Blind PNG coffee taster grateful for work
blind coffee taster in Papua New Guinea's Eastern Highlands province says she is grateful to have work in a country where many people living with disabilities have no prospects.
Transcript
A blind coffee taster in Papua New Guinea's Eastern Highlands province says the government is doing very little to help people living with disabilities in her region.
Conchita Basse is the head of cupping - or tasting - at Monpi Coffee, one of PNG's main coffee exporters.
Ms Basse, who is 27, lives in the provincial capital Goroka and says she has been legally blind since childhood, which made schoolwork difficult.

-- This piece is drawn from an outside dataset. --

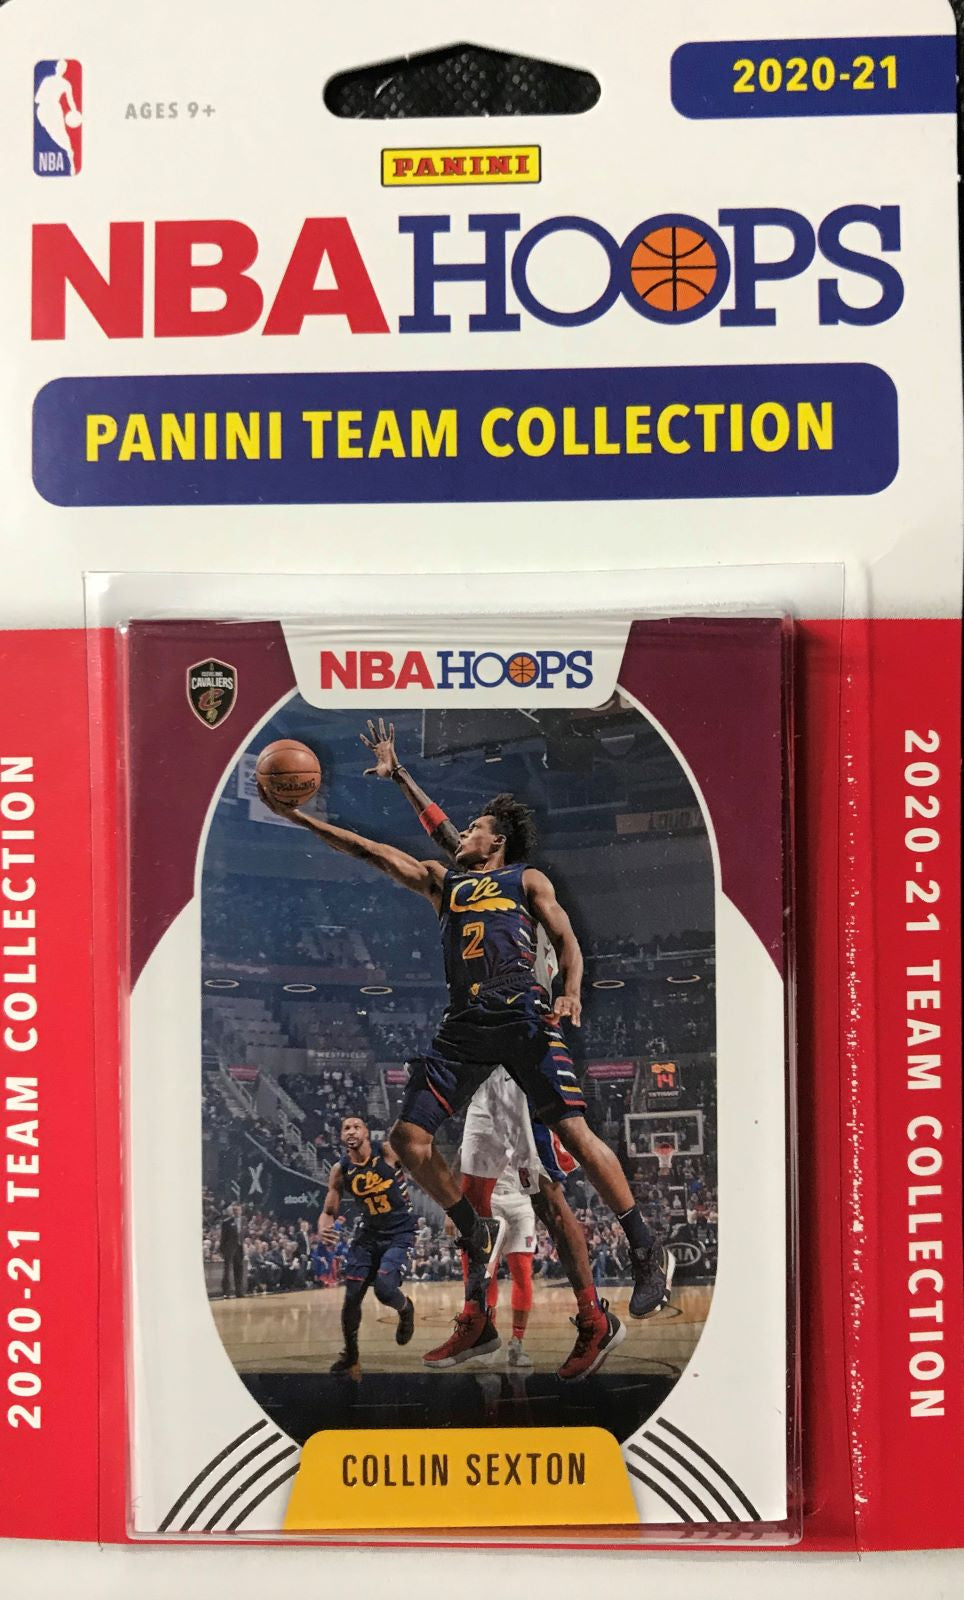 Cleveland Cavaliers 2020 2021 Hoops Factory Sealed Team Set with Isaac Okoro Rookie card

She is now the head of cupping or tasting at Monpi Coffee, one of PNG's top exporters,
Ms Basse told Annell Husband she knows many other disabled people in Goroka without work but fortunately the company had been looking for someone like her.
CONCHITA BASSE: They relayed a message to the priest, parish priest, and the parish priest relayed a message to me. And they brought me here to work for Monpi Coffee. It was like a blessing to me.
AH: Was it? What were you doing before?
CB: Just nothing. Just finished my schooling and stayed at home doing nothing.
AH: So how long had you been at home doing nothing before you started working here?
CB: 2003 I started... Three years I stayed at home. For three years.
AH: For three years, just doing nothing.
CB: Just looking after the house with my brothers and sisters. It was surprising to me. I thought 'I'm not going to get any job', but I'm working here now so I'm very happy to have a job like this. As I've said, it was my fate. I'm a little lady of prayer. I thought 'I won't get any job'. I thought 'I'm hopeless'. Just staying at home, doing nothing, like this. But then because of God I got a job.
AH: Did it take very long to get familiar with the requirements of the job?
CB: It's not really long to me. I caught up in more than one week or two weeks.
AH: How did you learn what you had to do?
CB: My bosses taught me how to taste the coffee, the roast, or even pick up the aromas in the cups, the aromas in the coffees.
AH: And had your sense of smell, through your life up until you came to work here, had it been something very good, like it was very strong?
CB: Yes, yes, but not really.
AH: But you weren't using it as such?
CB: Yes.
AH: So what is it that you're looking for when you're doing the cupping?
CB: Looking for the good coffees, quality coffees, like Starbucks. All the coffee that we used to export, we must cup and I must get the ferment. If it's fermented then we have to reject the coffee, we have to reblend the coffee again to export it to the overseas markets.